The Little Princesses: The extraordinary story of the Queen's childhood by her Nanny
'A unique insight into the isolated childhood of the future queen and her sister' YOU MAGAZINE, THE DAILY MAIL
The touching and ground-breaking stories of the Queen and Princess Margaret's childhoods told by their nanny, Marion Crawford. With a foreword by former BBC Royal Correspondent Jennie Bond, Marion reveals the royal family's life before The Crown .
Now, more than ever, the Royal Family's private lives are the stuff of soap opera and it seems anyone who comes into contact with them sells their story to the magazines or to the newspapers.

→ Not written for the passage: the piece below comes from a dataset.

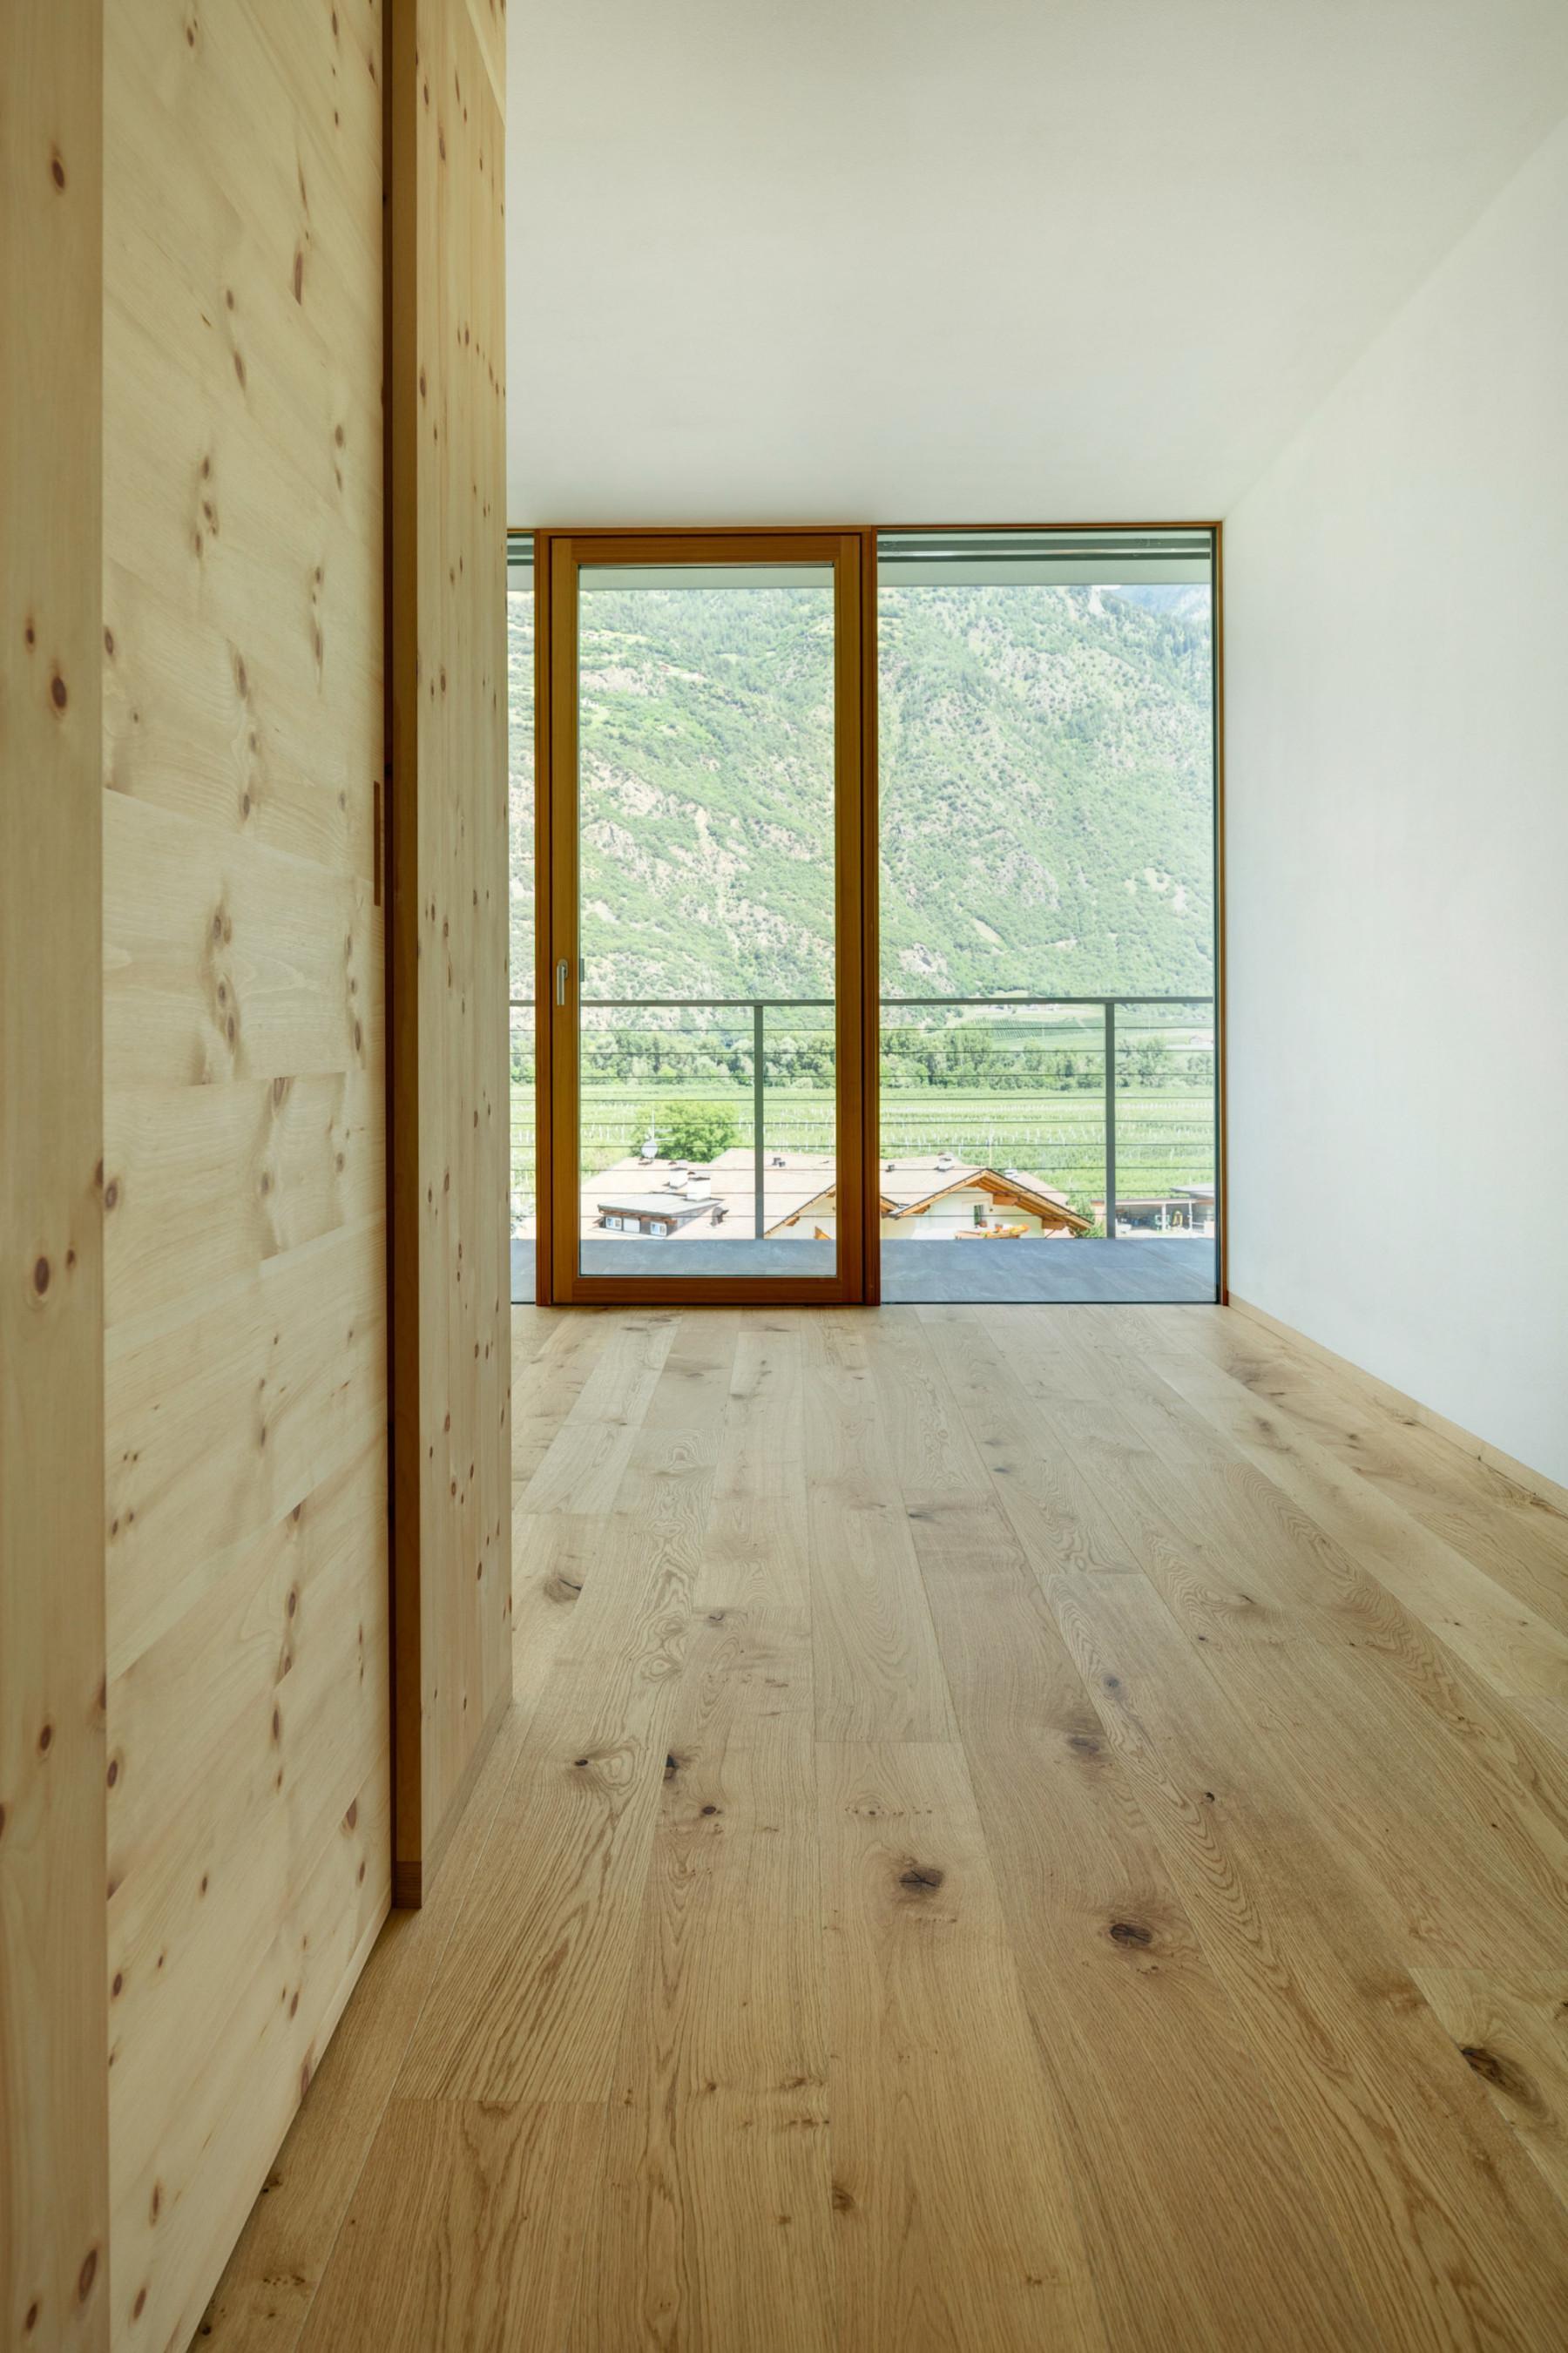 Vivere e dormire - A casa - Pietre naturali, piastrelle e ...

Marion Crawford, 'Crawfie', as she was known to the Queen and Princess Margaret, became governess to the children of the Duke and Duchess of York in the early 1930s, little suspecting she was nurturing her future Queen. Beginning at the quiet family home in Piccadilly and ending with the birth of Prince Charles at Buckingham Palace in 1948, Crawfie tells how she brought the princesses up to be 'Royal' whilst also exposing them to the ordinary world of underground trains, buses and swimming lessons.
THE LITTLE PRINCESSES was published in 1950 to a furore we cannot imagine today. Crawfie was demonised by the press, and the Queen Mother - who had been a great friend and who had, Crawfie maintained, given her permission to write the account - never spoke to her again.